None had heard the report of the pistol, and while the pomp of gold and crimson faded, and the sun rose into the blueness of morning, Mike lay still grasping the revolver, the blood flowing down his face, where he had fallen across the low bed, raised upon lions' claws and hung with heavy curtains. Receiving no answer, the servant had opened the door. A look of horror passed over her face; she lifted his hand, let it fall, and burst into tears.

And all the while the sun rose, bringing work and sorrow to every living thing—filling the fields with labourers, filling the streets with clerks and journalists, authors and actors. And it was in the morning hubbub of the Strand that Lizzie Escott stopped to speak to Lottie, who was going to rehearsal.

"How exactly like his father he is growing," she said, speaking of the little boy by the actress's side. "Frank saw Mike in Piccadilly about a month ago; he promised to come and see us, but he never did."

"Swine…. He never could keep a promise. I hope Willy won't grow up like him."

"Who are you talking of, mother? of father?"

The women exchanged glances.

"He's as sharp as a needle. And to think that that beast never gave me but one hundred pounds, and it was only an accident I got that—we happened to meet in the underground railway. He took a ticket for me—you know he could always be very nice if he liked; he told me a lady had left him five thousand a year, and if I wanted any money I had only to ask him for it. I asked him if he wouldn't like to see the child, and he said I mustn't be beastly; I never quite knew what he meant; but I know he thought it funny, for he laughed a great deal, and I got into such a rage. I said I didn't want his dirty money, and got out at the next station. He sent me a hundred pounds next day. I haven't heard of him since, and don't want to."

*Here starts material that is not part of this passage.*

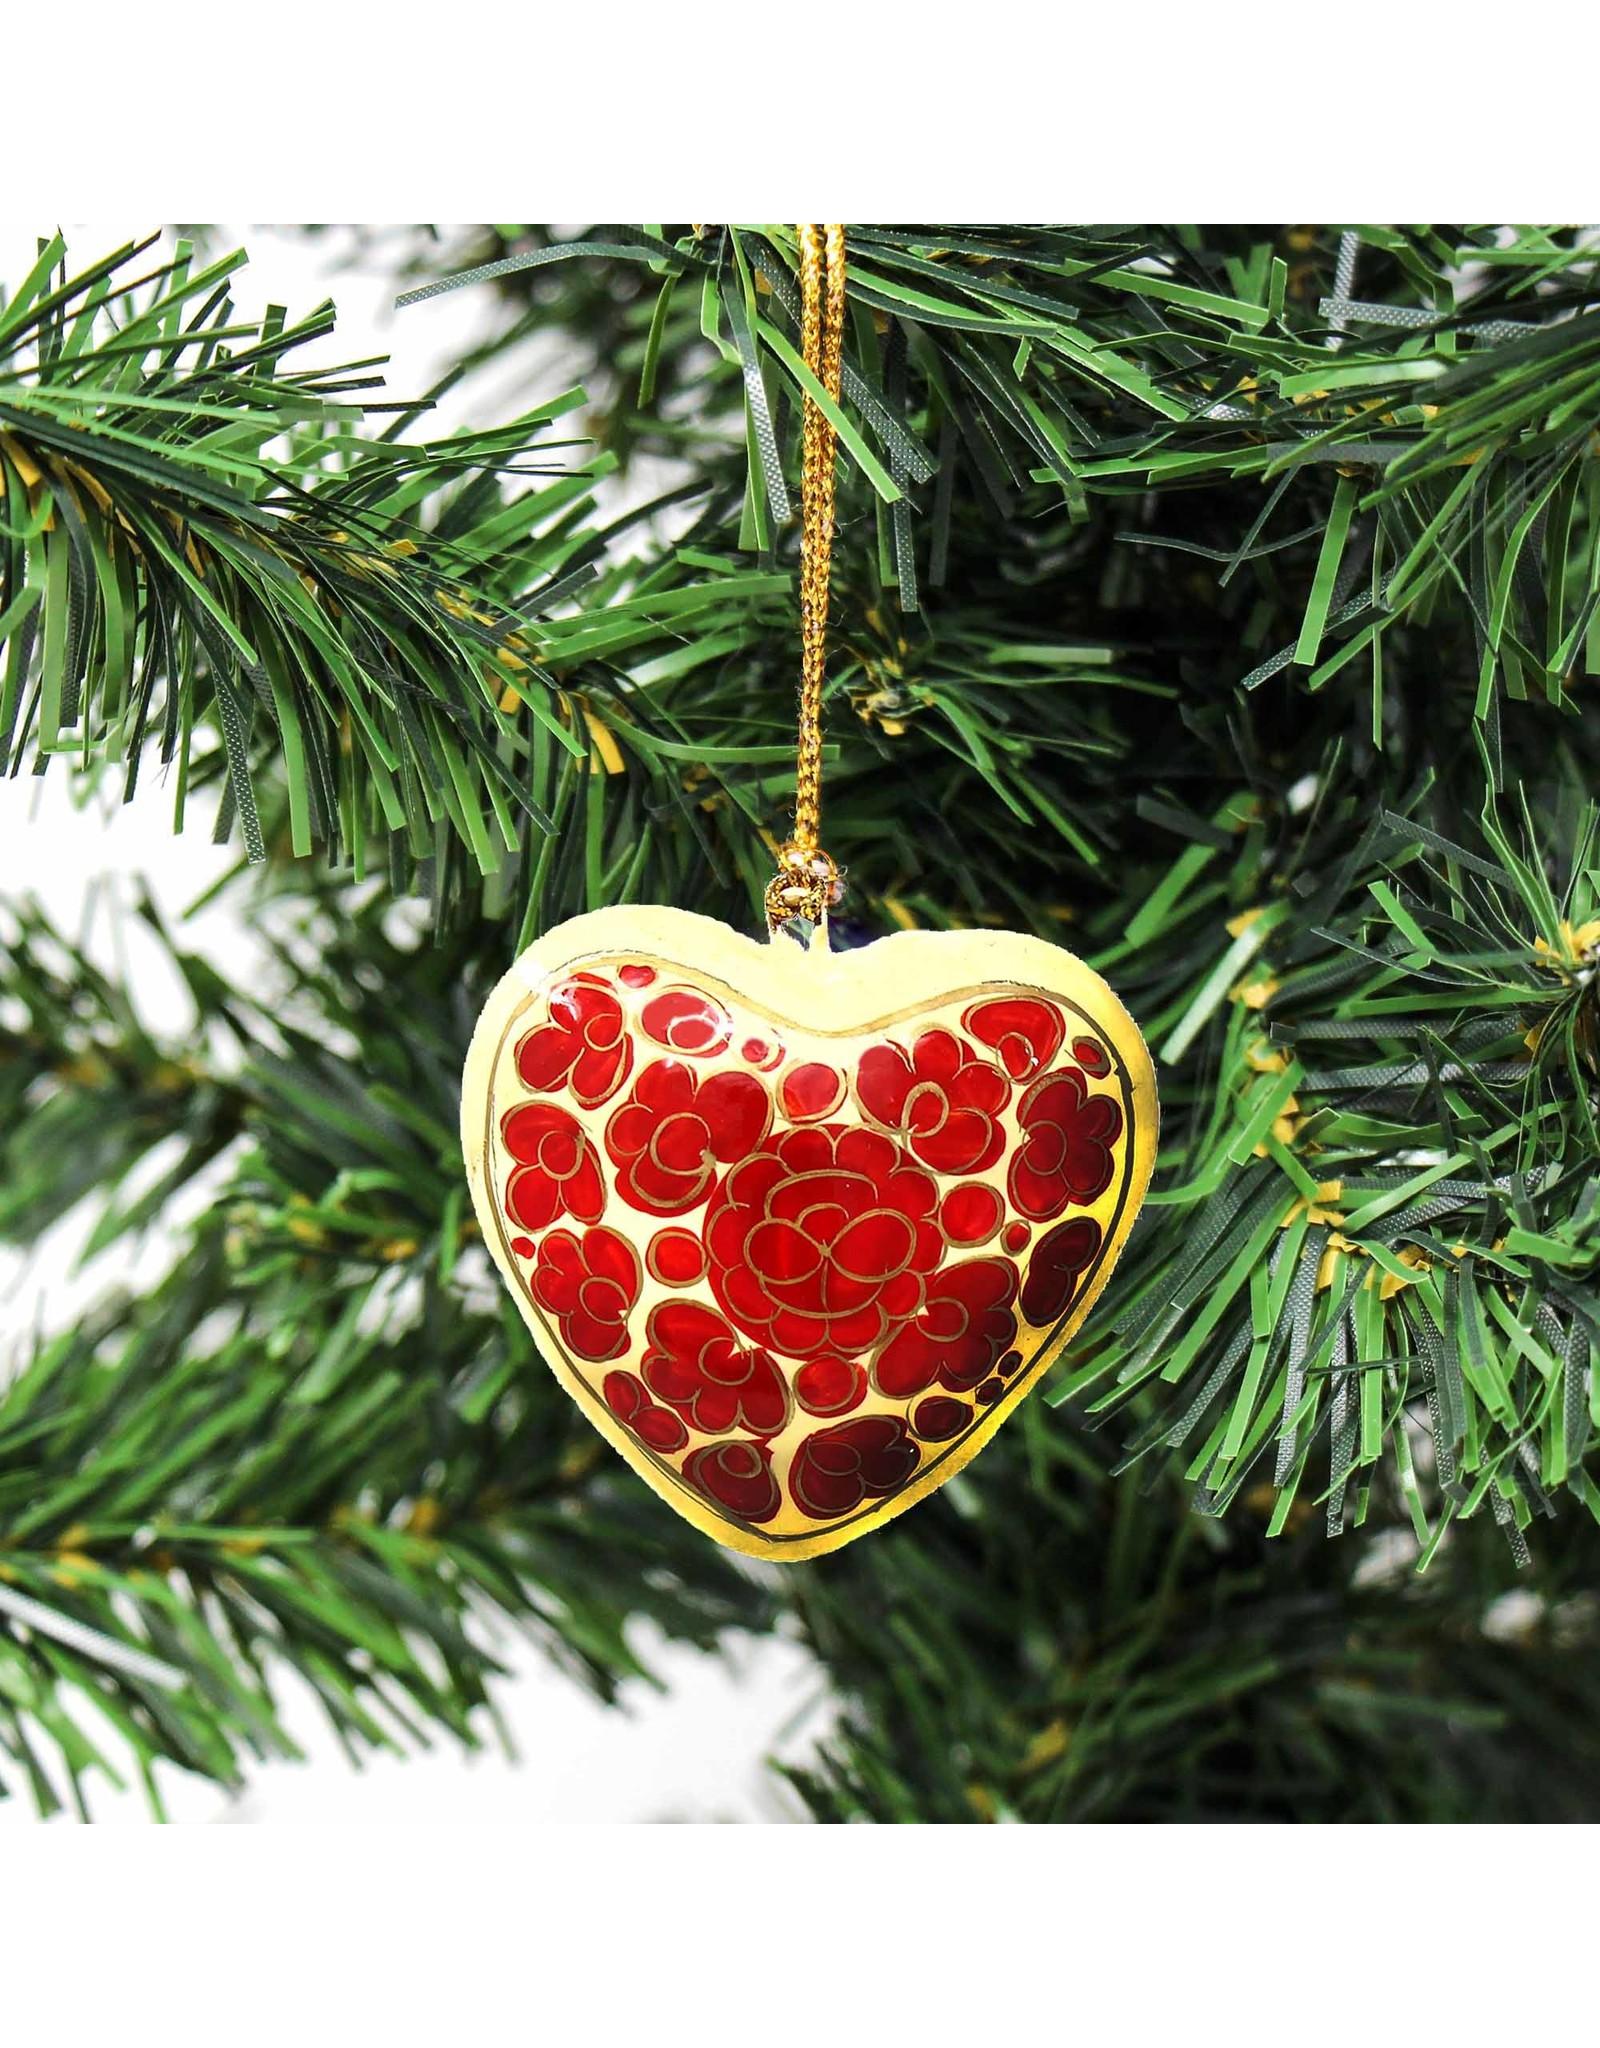 Global Crafts Hand-painted Papier-Mâché Ornament, Floral Heart, India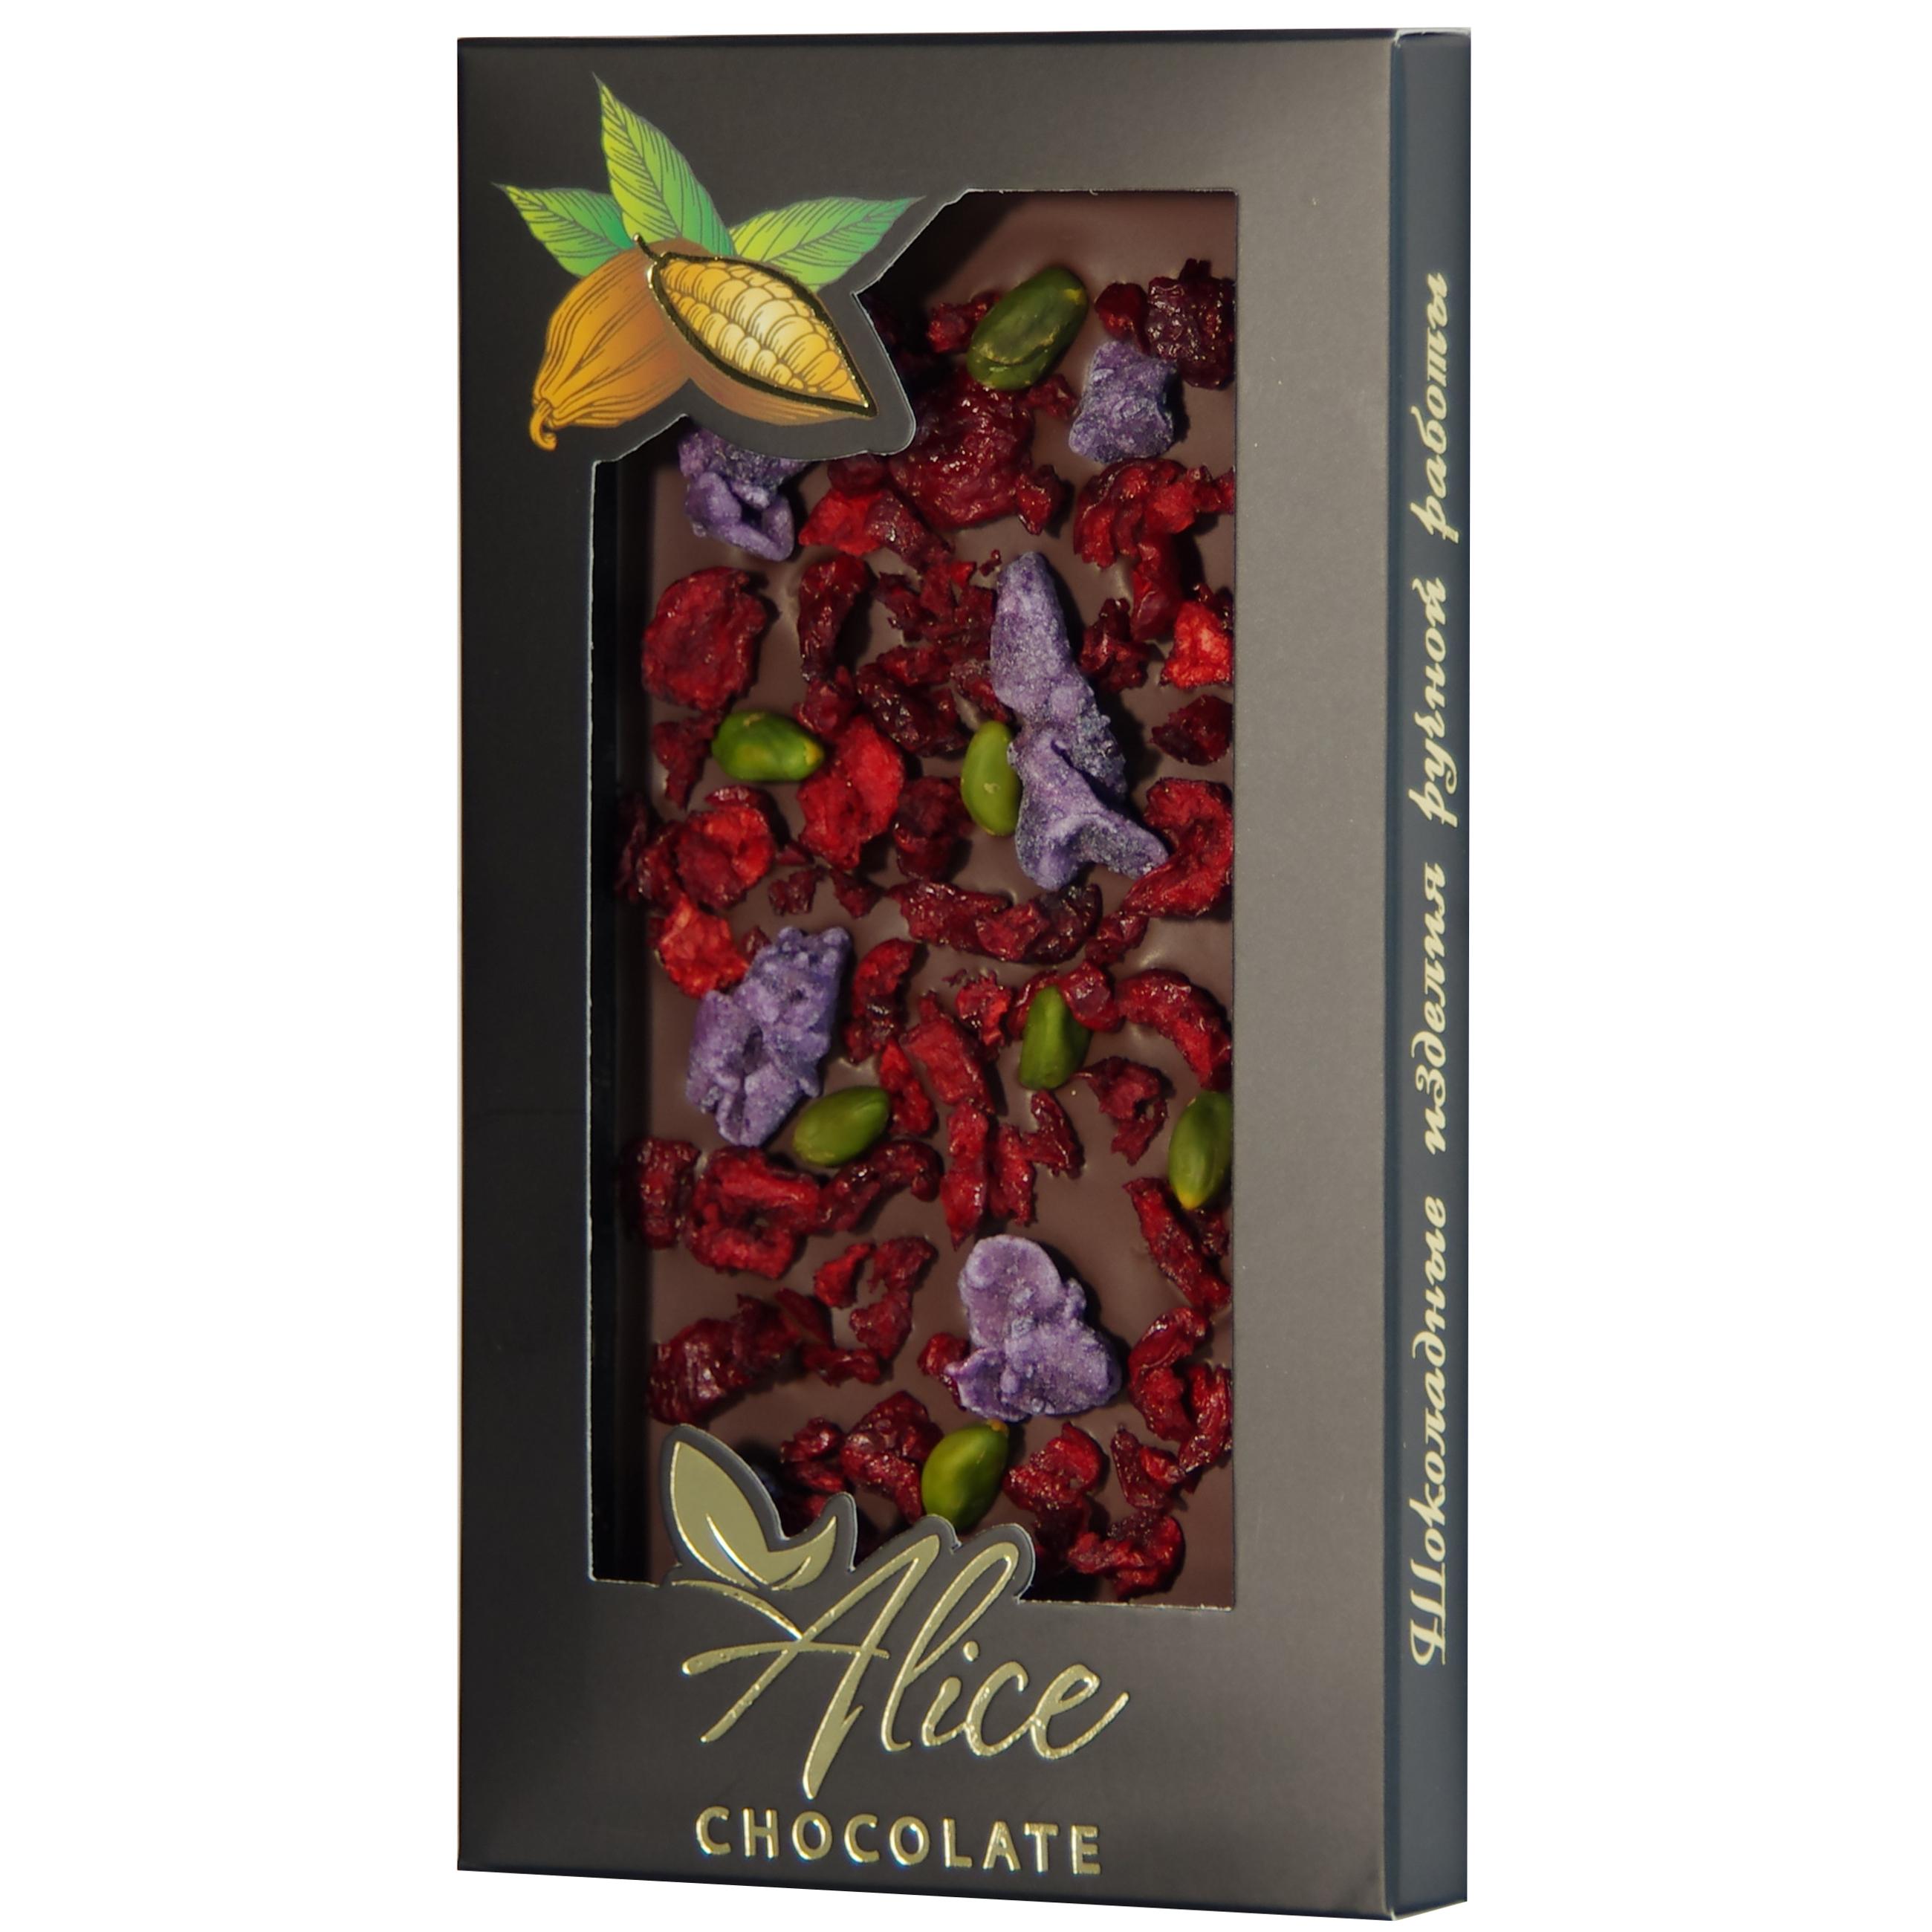 http://alice-chocolate.ru/wp-content/uploads/2018/05/Temnyj-s-fialkoj-vishnej-i-fistashkoj.jpg

"Suicide of a poet in the Temple!" shouted a little boy.

"I wonder who that is," said Lizzie.

"Mike used to live in the Temple," said Lottie.

The women read the reporter's account of the event, and then Lottie said—

"Isn't it awful! I wonder what he has done with his money?"

"You may be sure he hasn't thought of us. He ought to have thought ofFrank. Frank was very good to him in old times."

"Well, I don't care what he has done with his money. I never cared for any man but him. I could have forgiven him everything if he had only thought of the child. I hope he has left him something."

"Now I'm sure you are talking of father."